Ancora sei giorni di tempo per presentare le proprie candidature per il nuovo consiglio di amministrazione della Fondazione Molina. Scade il 20 il termine e qualcosa si muove anche sotto il profilo giudiziario.

È di oggi la notizia della rinuncia da parte del vecchio CdA, ad esclusione di don Marco Casale, di ricorrere d’urgenza al Consiglio di Stato dopo la sentenza che rimetteva il commissario Carmine Pallino a governare la Fondazione.
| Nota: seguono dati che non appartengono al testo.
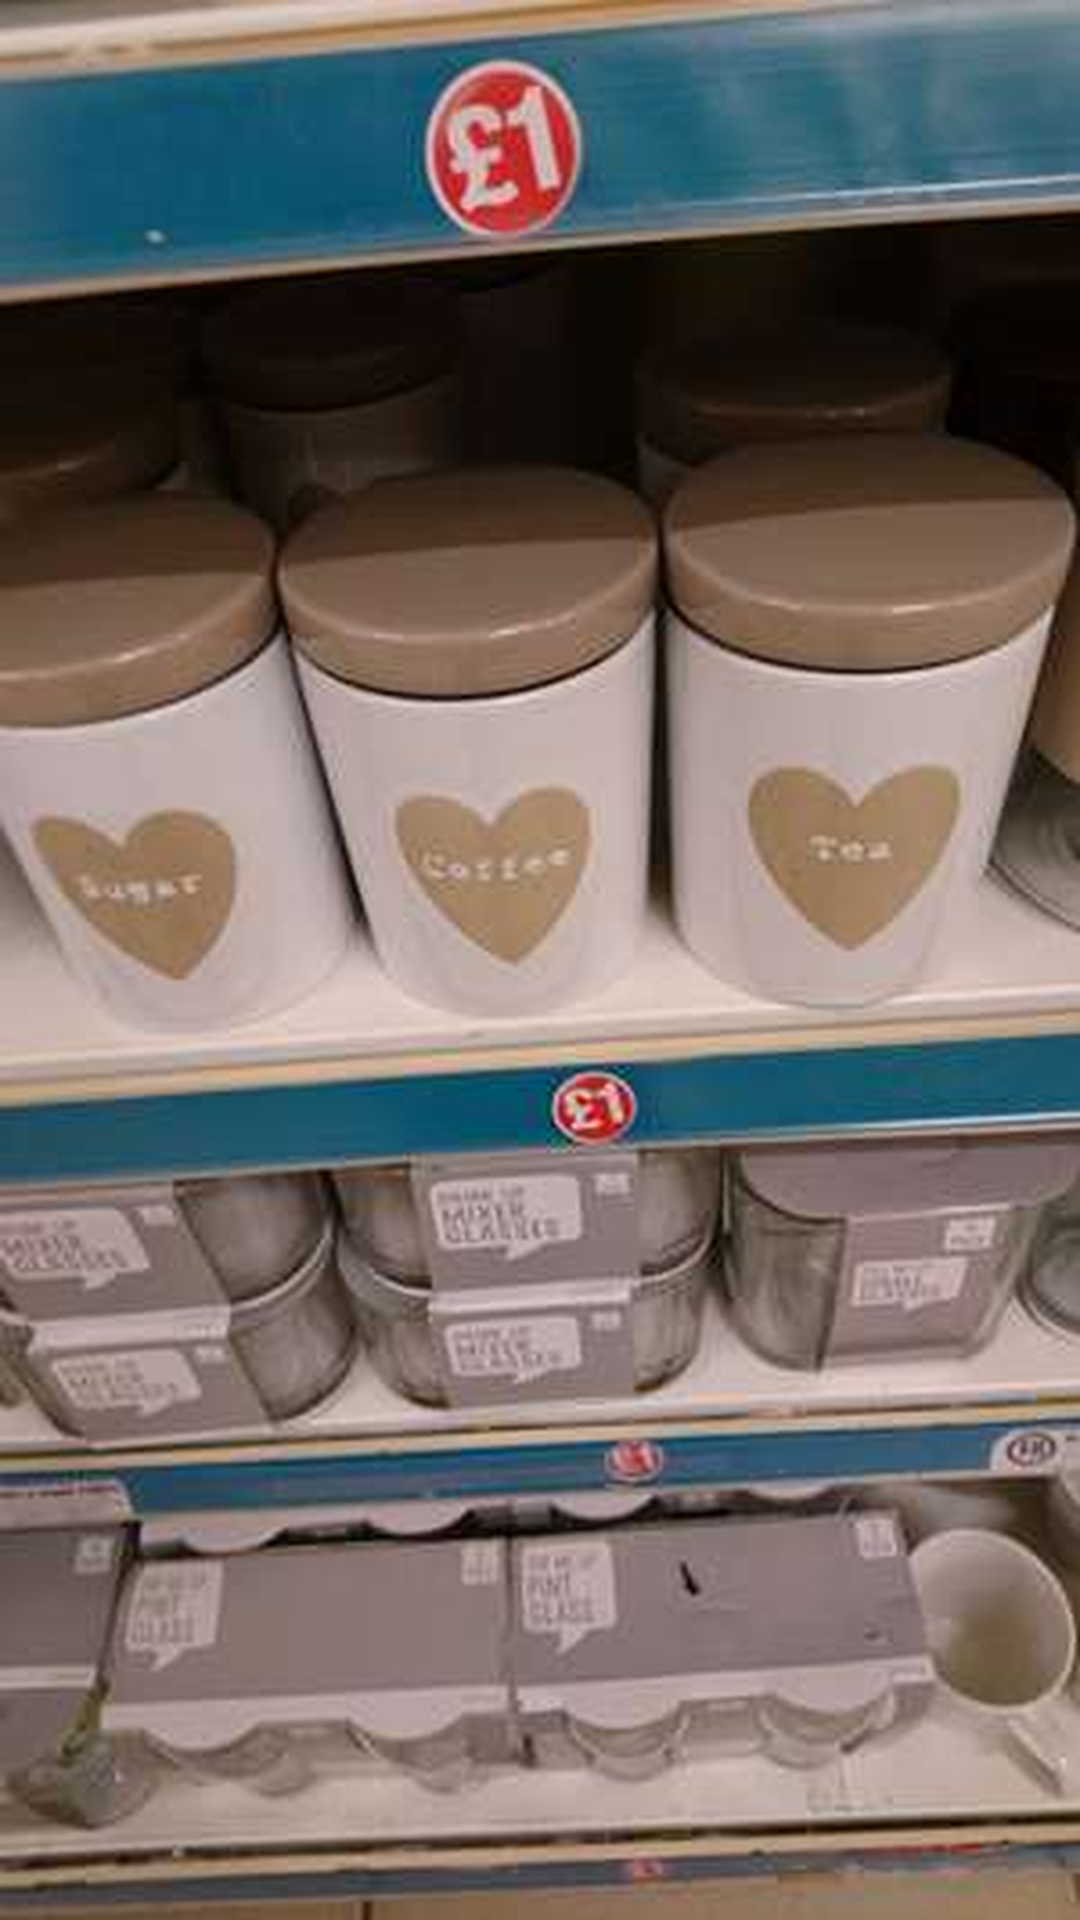 Tea coffee and sugar canisters £1 @ poundland

Una scelta che sposterebbe di alcuni mesi il pronunciamento del giudice amministrativo. Non è dato di sapere le ragioni, ma è evidente che bolla in pentola qualcosa che potrebbe avere a che fare con alcune possibili evoluzioni giudiziarie. Oltre a questo poi c’è la questione del bando del Comune per arrivare a un nuovo Consiglio di Amministrazione.

Il sindaco, pur non prendendo una posizione definita sulla vecchia governance, che da statuto resterebbe in carica fino al marzo del 2020, assicura che ai primi giorni del prossimo mese avremo finalmente i nuovi amministratori.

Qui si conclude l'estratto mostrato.